=== Study material ===

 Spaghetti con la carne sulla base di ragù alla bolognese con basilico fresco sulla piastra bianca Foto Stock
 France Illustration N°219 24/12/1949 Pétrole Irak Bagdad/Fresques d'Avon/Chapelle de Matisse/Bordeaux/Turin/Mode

===
=== Study material ===

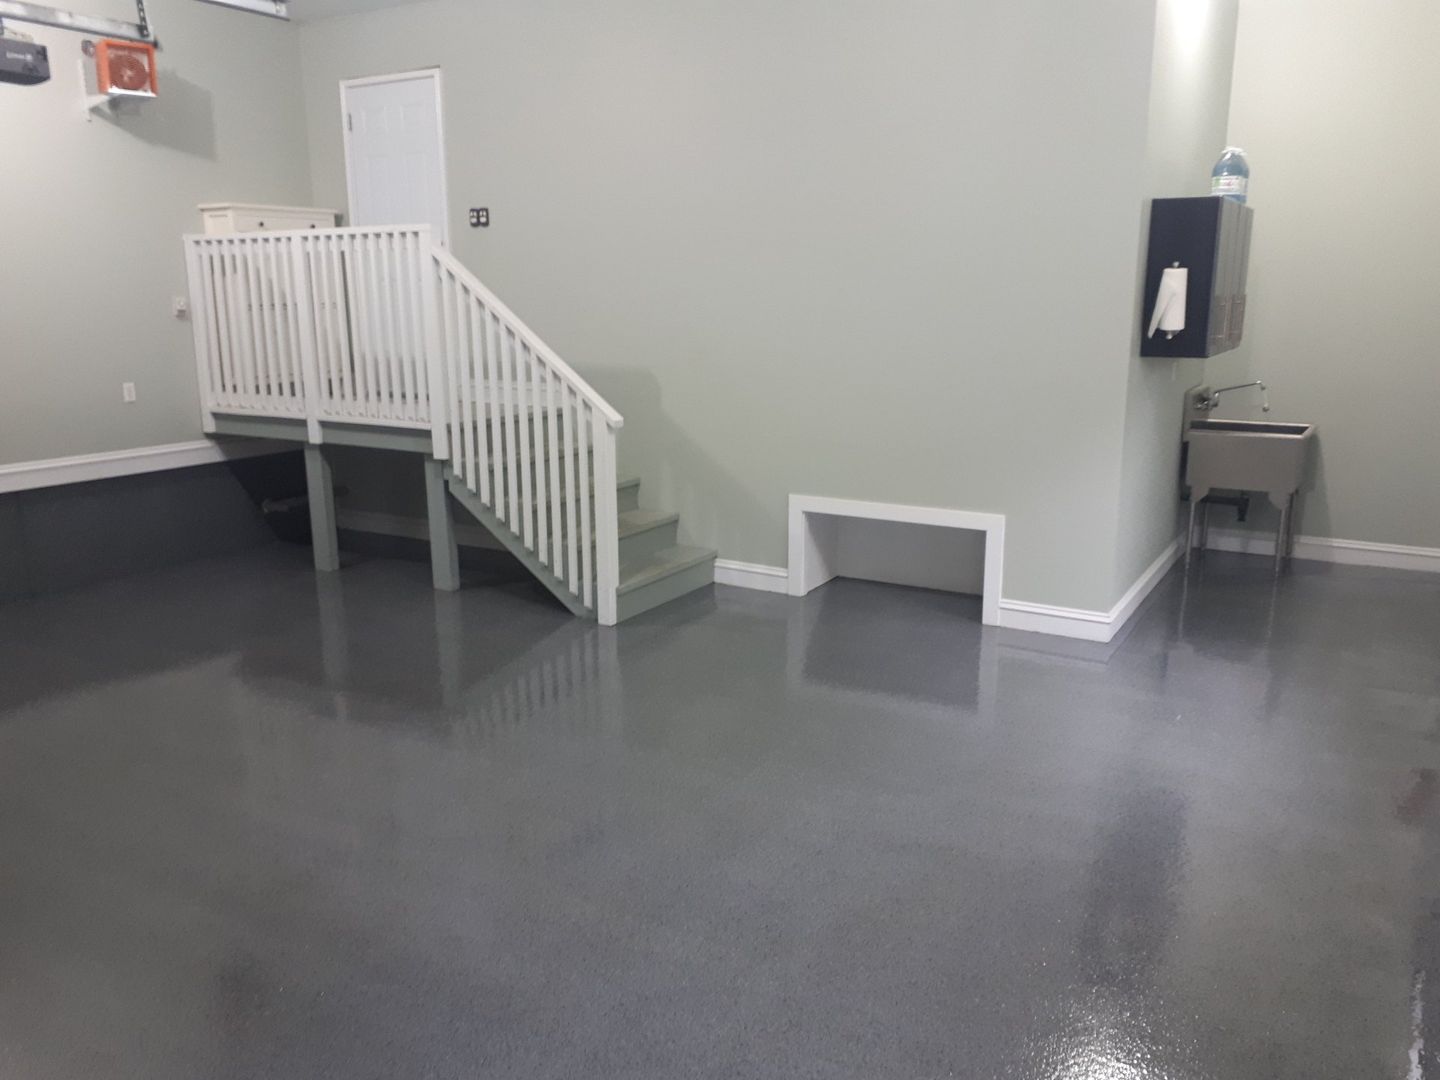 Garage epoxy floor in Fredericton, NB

===
=== Study material ===

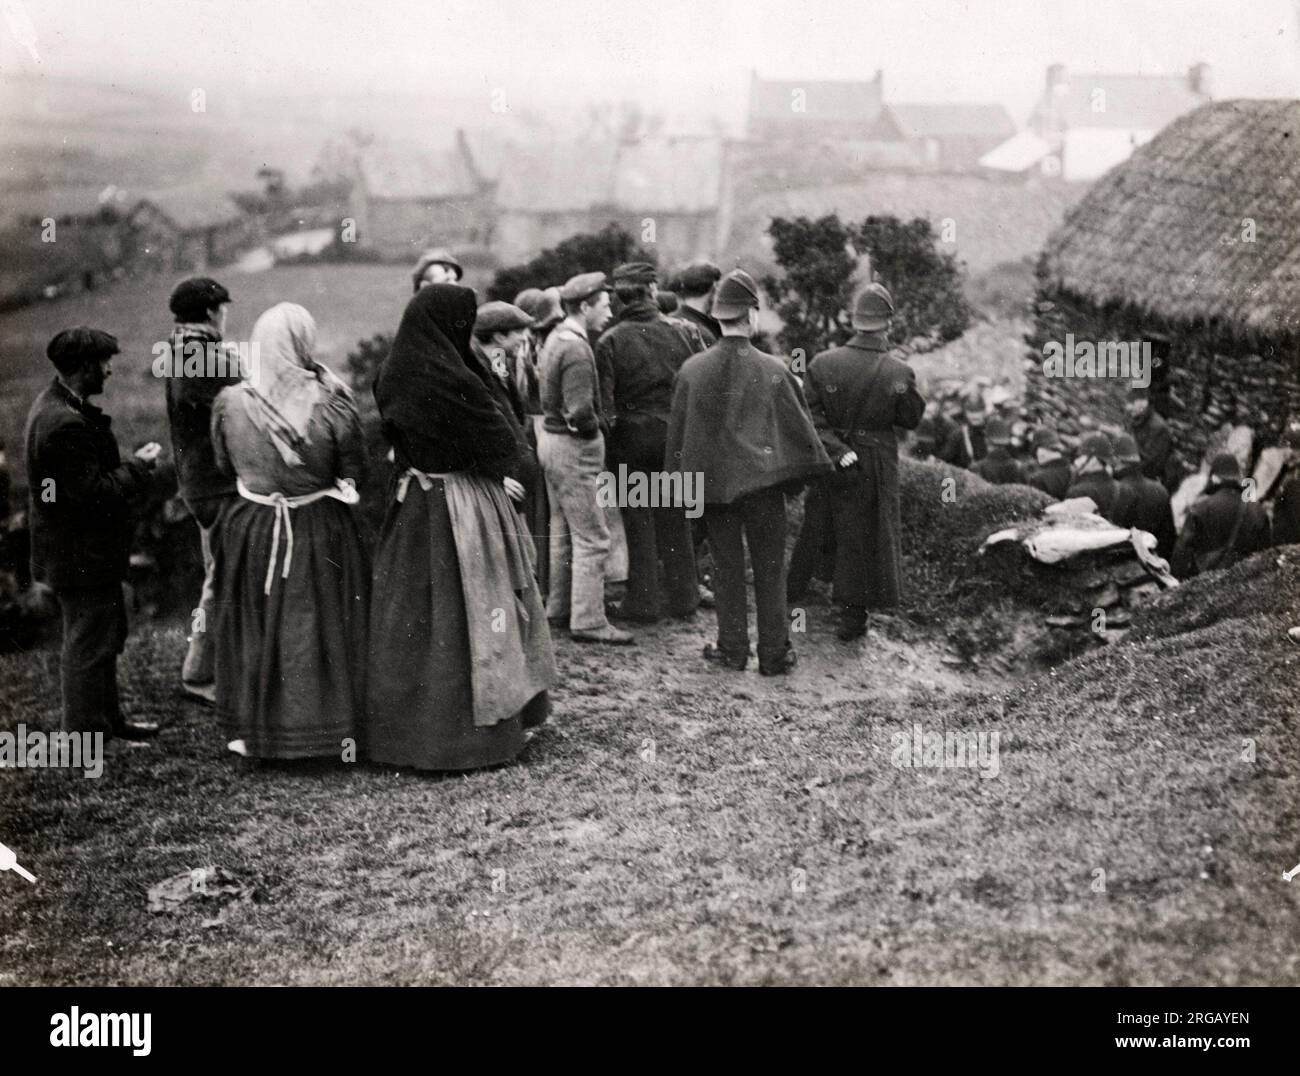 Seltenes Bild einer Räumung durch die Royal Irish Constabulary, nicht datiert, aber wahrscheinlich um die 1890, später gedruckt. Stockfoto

===

**Activity**
Using the entries above, give again exactly the lines from the line holding "Spaghetti con la" through the line holding "France Illustration N°219". Include both end lines and nothing else.

**Answer to the exercise**
 Spaghetti con la carne sulla base di ragù alla bolognese con basilico fresco sulla piastra bianca Foto Stock
 France Illustration N°219 24/12/1949 Pétrole Irak Bagdad/Fresques d'Avon/Chapelle de Matisse/Bordeaux/Turin/Mode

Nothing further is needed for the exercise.